We have added some new features for plotting the tree of merged populations, and highlighting the nodes/populations according to marker expression. For the fluorescent markers above:

```{r stage7}
require(Rgraphviz)
f<-ptree("l.flowM",fitPiecewiseLinreg(l.flowM));
par(mfrow=c(1,2))
f(1);
f(2);
```

Circular nodes with dashed borders show merged clusters. Elliptical nodes show the chosen populations in the best fitting model. Square nodes show the rest of the complete merging to a single cluster. Red indicated higher expression of the marker, and blue/green shows lower expression. Note that it is normalized between 0 and 1 on the range of the data. 

## Upcoming improvements
FlowMerge is undergoing continuous usability improvements, specifically with respect to the parallel computation framework. Figures of merit and other statistics will be output to allow the user to monitor the success or failure of the merging algorithm as it works through a large data set. A framework for semi--supervised selection of lymphocyte populations across multiple samples is also in the works. pFlowMerge does not do any sophisticated memory management, as such if you have a large data set, we suggest feeding it to pFlowMerge piece by piece, depending on the amount of RAM available to your machine / cluster.

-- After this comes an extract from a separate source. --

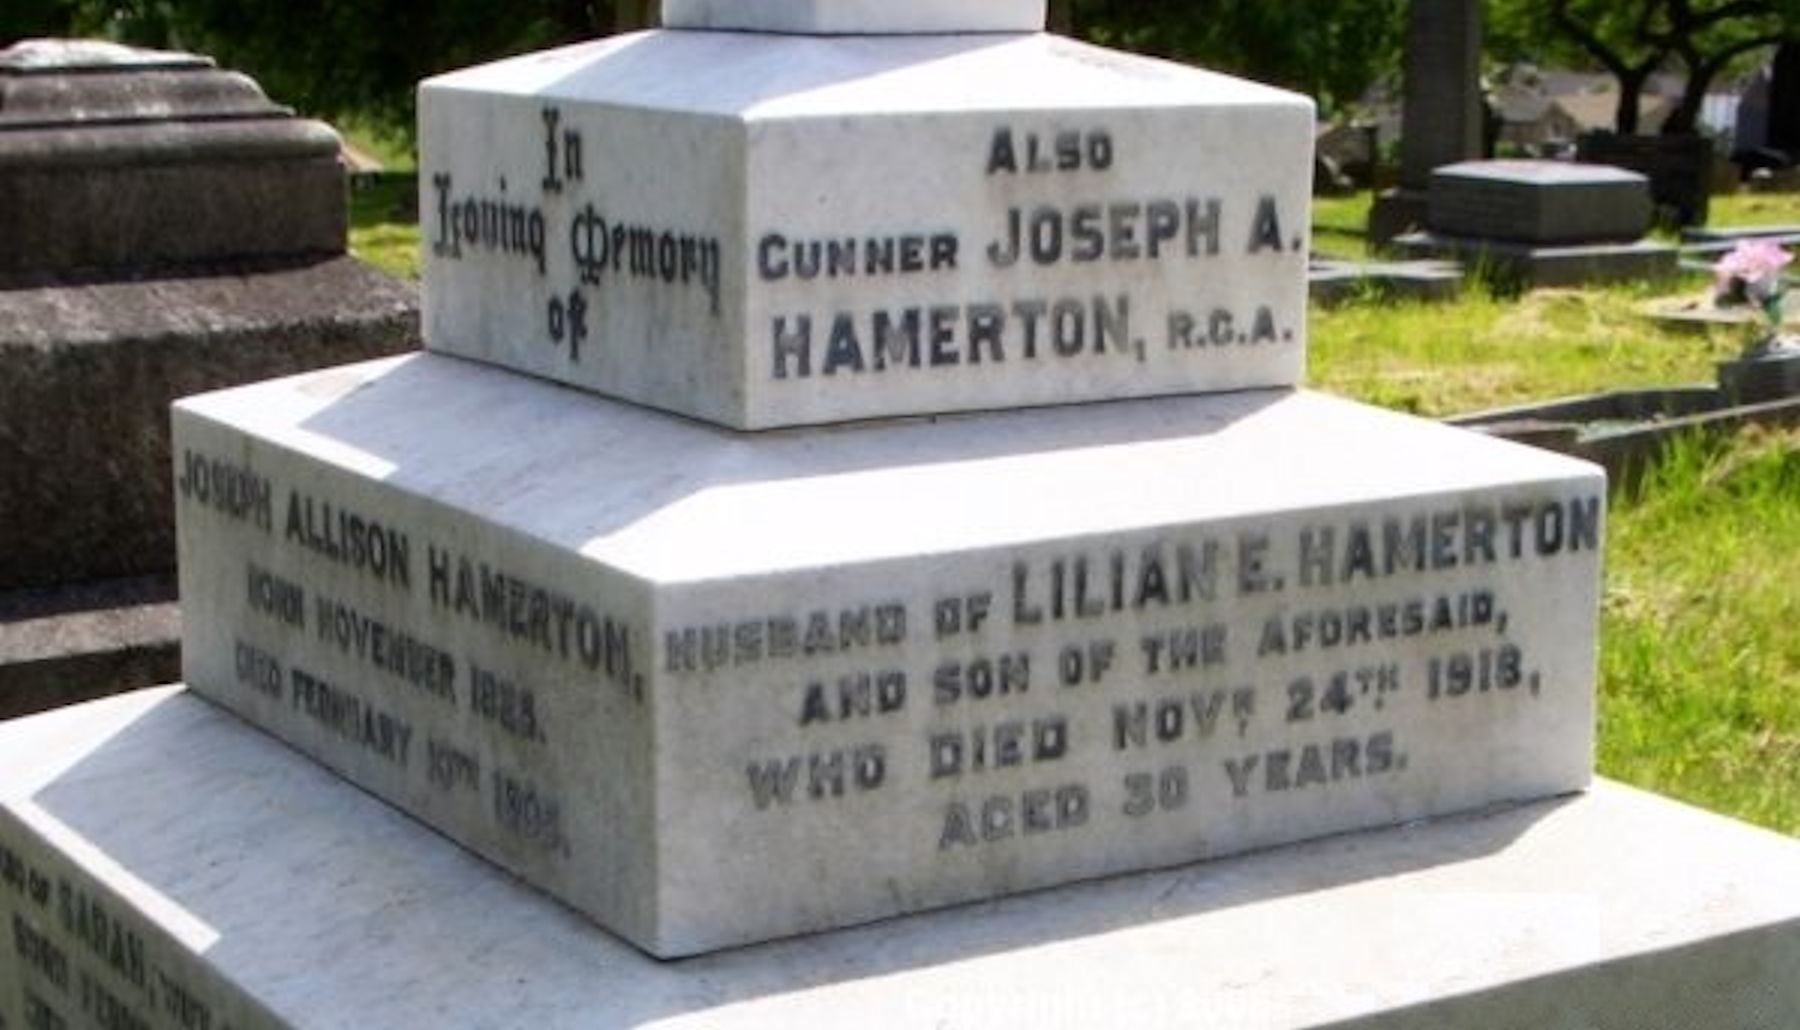 Joseph Allison Hamerton's grave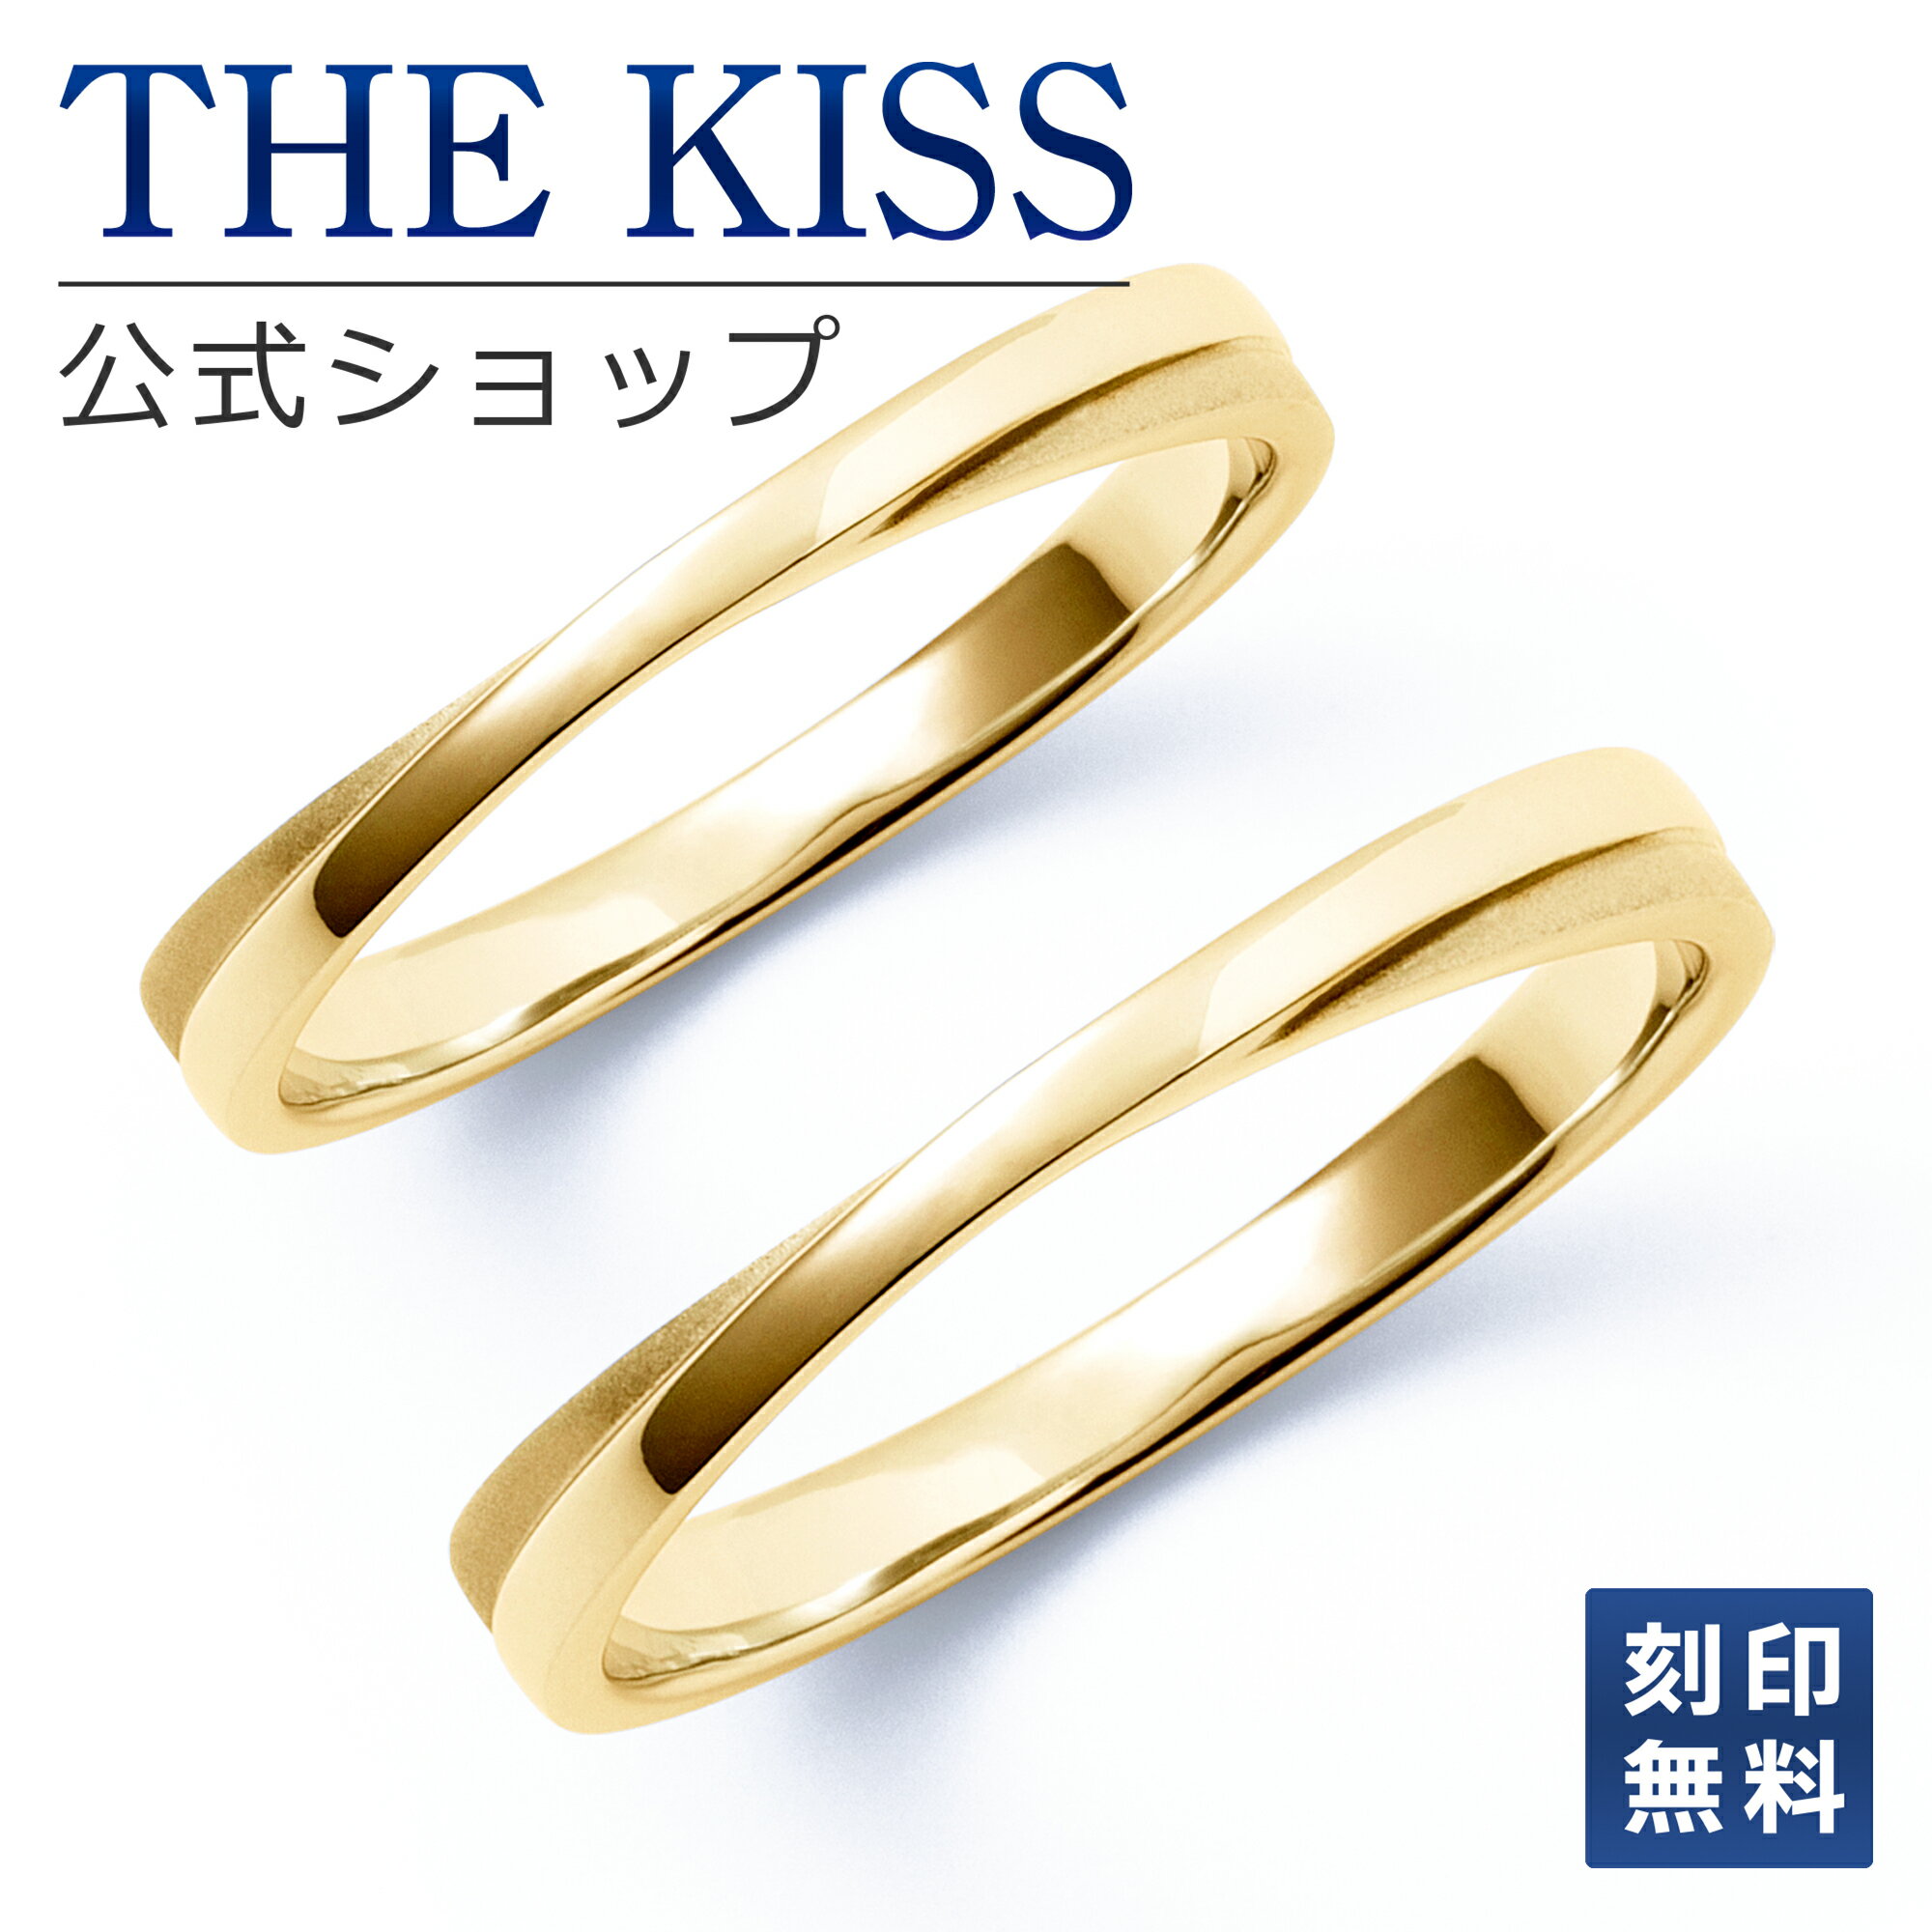 【ラッピング無料】THE KISS 公式ショップ K10ゴールド 結婚指輪 マリッジリング ペアリング ペアアクセサリー カップル 人気 ジュエリーブランド THEKISS ペア 指輪 ORDER-K-R451YG-P セット シンプル 細身 男性 女性 2個セット クリスマス

## Frequently Asked Questions
Q: How do I use pFlowMerge? 

A: pFlowMerge is implemented to parallelize computations for flowSets or lists of flowFrames, rather than for multiple clusters in a single flowFrame. For example, if `data`is `flowSet` of ten `flowFrames` and `cl` is a `snow` cluster of ten nodes, then, running `pFlowMerge(cl,flowSet,varNames=c("A","B","C"),K=1:10)` will distribute the ten `flowFrames` across the ten nodes, and each node will evaluate the model for `K=1:10` clusters. If you wish to parallelize the `K=1:10` cluster computations across multiple nodes, you would need to make function call that utilizes `snow` functionality directly, such as: `clusterMap(cl,function(...)try(flowClust(...)),list(flowFrame),varNames=list(c("A","B","C"),K=1:10)`. This will distribute the calculation of `flowFrame` for each value of `K=1` through `K=10` components across the ten nodes of `cl`. The addition of the `try()` wrapper ensures the function will return even if an individual model fails to converge for a given value of `K`. Alternately, if you wish to do the above for a `flowSet` you will need to replicate each element of the `flowSet` `K$_{max`$} times, where `K$_{max`$} is the total number of model components to evaluate per `flowFrame`. Again, an example: `clusterMap(cl,function(...)try(flowClust(...)),rep(as(flowSet,"list"),each=length(Kvector)),varNames=list(c("A","B","C")),K=Kvector)`. Please remember to ensure `flowClust` is loaded in each R work environment on the nodes by calling `clusterEvalQ(cl,library(flowClust))`.